SHI Sheng-Bo¹^,³^,^*(), ZHOU Dang-Wei¹, LI Tian-Cai¹, DE Ke-Jia², GAO Xiu-Zhen¹, MA Jia-Lin¹, SUN Tao³, WANG Fang-Lin³

¹Key Laboratory of Adaptation and Evolution of Plateau Biology, Northwest Institute of Plateau Biology, Chinese Academy of Sciences, Xining 810001, China
²Qinghai Academy of Animal Science and Veterinary Medicine, Qinghai University, Xining 810016, China
³State Key Laboratory Breeding Base of Desertification and Aeolian Sand Disaster Combating, Gansu Desert Control Research Institute, Lanzhou 730070, China

Received:2021-12-02 Accepted:2022-05-21 Online:2023-03-20 Published:2022-10-11
Contact: SHI Sheng-Bo
Supported by:
Qinghai Province Naturnal Science Foundation(2019-ZJ-7016);Construction Project for Innovation Platform of Qinghai Province(2017-ZJ-Y20);Construction Project for Innovation Platform of Qinghai Province(2021-ZJ-Y05);National Natural Science Foundation of China(31660237)

摘要/Abstract

摘要：

昼夜温差大是青藏高原的典型气候特征, 夜间低温作为植物生长季内非常频繁的非生物胁迫因子, 对典型高山植物日间光合生理功能的影响如何, 尚缺乏研究。

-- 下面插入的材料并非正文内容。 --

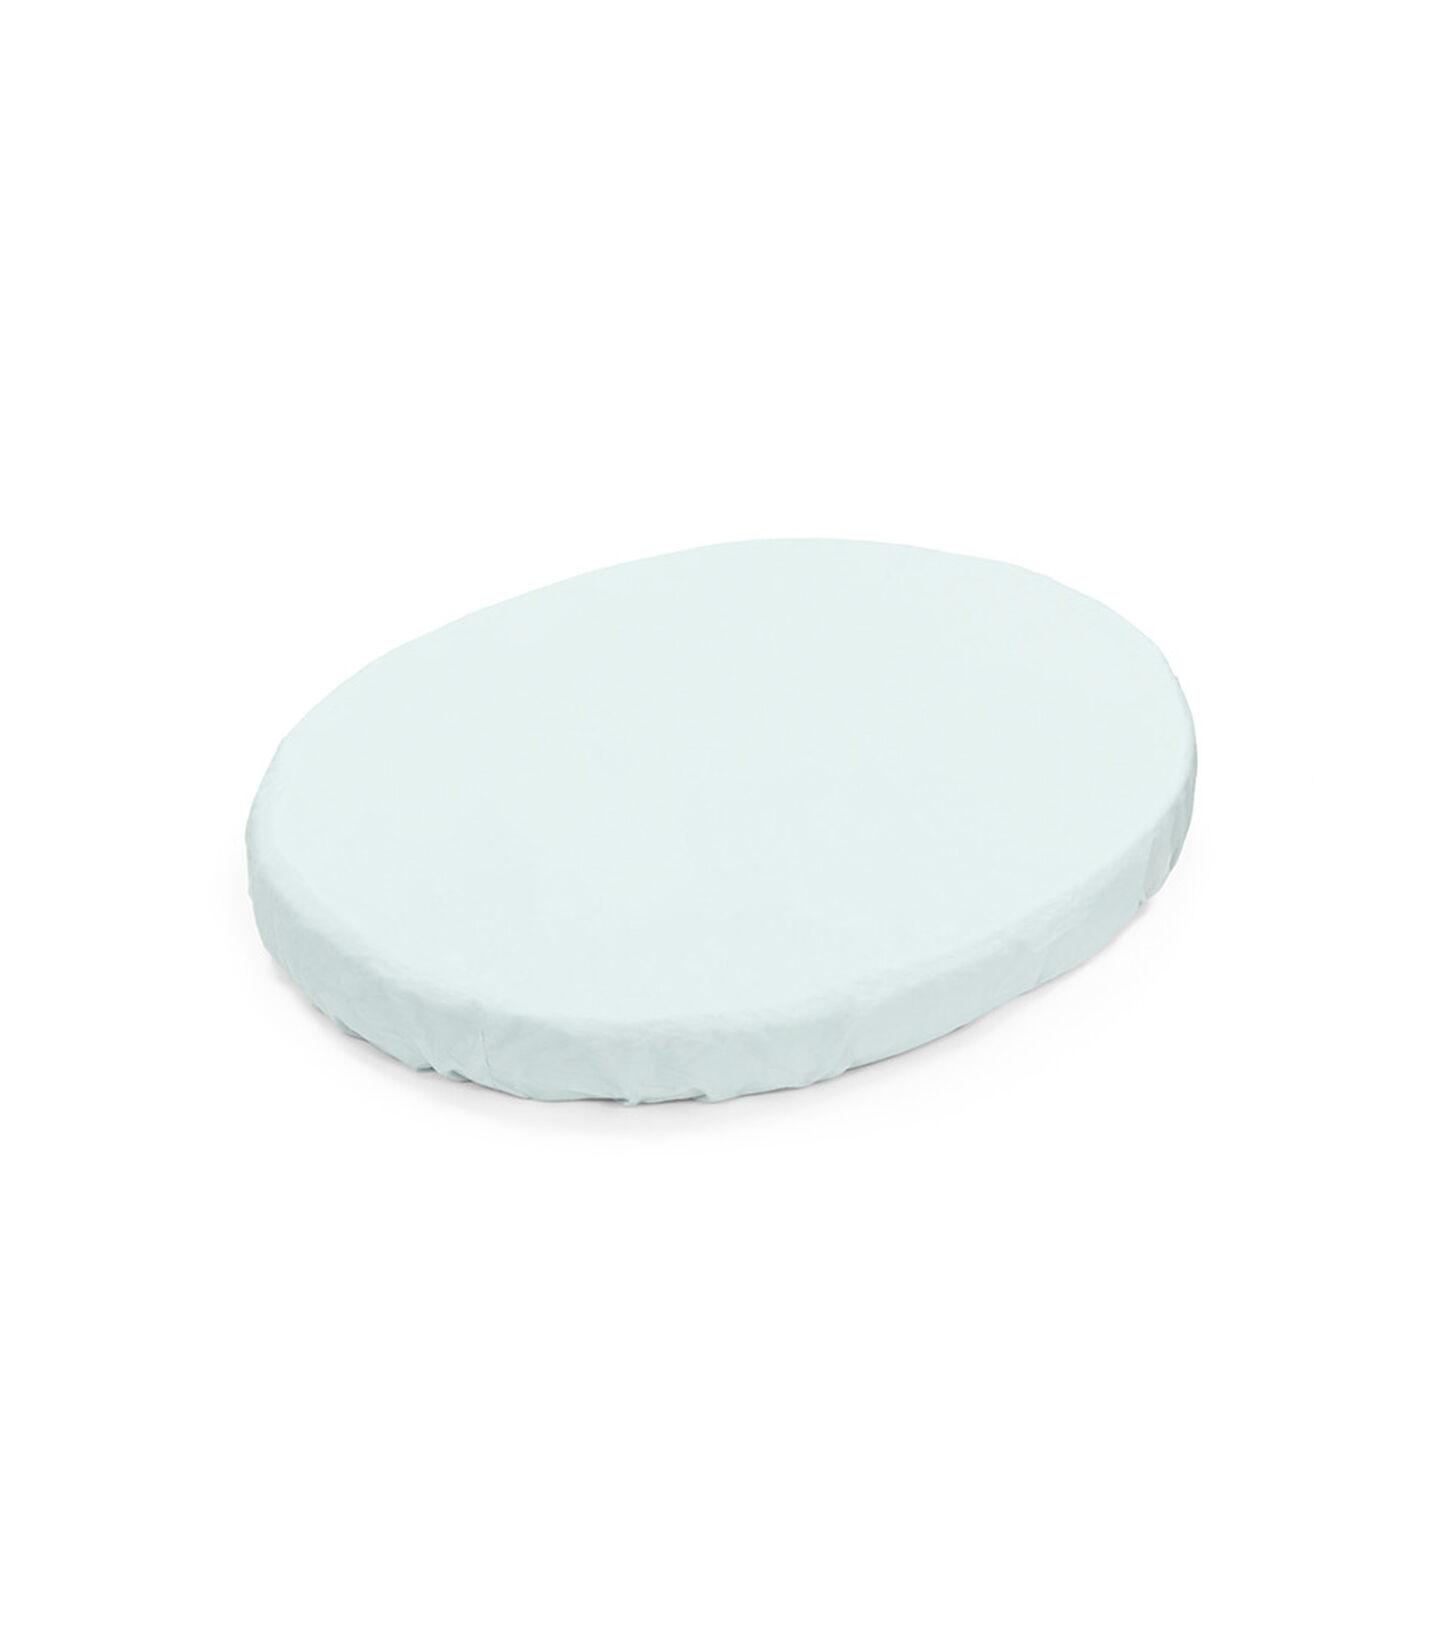 Stokke® Sleepi™ Mini Formsydd laken i Powder Blue, Powder Blue, mainview view 2

该研究以采自青海大学-清华大学三江源高寒草地生态系统野外观测站的高山嵩草(Kobresia pygmaea)为材料, 应用叶绿素荧光图像分析手段, 研究了模拟夜间低温对叶片光系统II (PSII)非光化学猝灭中光诱导和非光诱导的量子产量, 及慢弛豫相和快弛豫相组分的影响。结果表明: 0 ℃夜间低温对日间PSII相对电子传递速率、PSII反应中心开放比率(q_L)和PSII非光化学猝灭系数(q_NP)的快速光响应曲线影响较小; 400和1 500 µmol·m^-2·s^-1稳态作用光强下的比较证实, 夜间低温并没有影响到光合机构活性及非光化学能量耗散过程。PSII反应中心激发能分配的量子通量分析表明, PSII实际光化学量子效率、PSII非光化学猝灭中非调节性和调节性能量耗散量子产量的相对比率在第3天高光强下, 对照组和夜间低温组分别为: 36:19:45和38:19:43; 较低光强下为66:22:12和66:23:11。非光化学猝灭(NPQ)中快弛豫相(NPQ_f)为主要组分, 而慢弛豫相(NPQ_s)所占份额(NPQ_s/NPQ)在对照植株的第1天和第3天分别为11%和10%, 夜间低温组则为13%和12%。因此, 0 ℃夜间低温后, 高山嵩草PSII反应中心发生光抑制的几率增大, 较低光强和夜间低温能导致光合诱导时间的延长; 但光化学能量转换和保护性的调节机制尚能有效分配吸收的光能, 夜间低温没有加剧过剩激发能难以调节耗散的趋势。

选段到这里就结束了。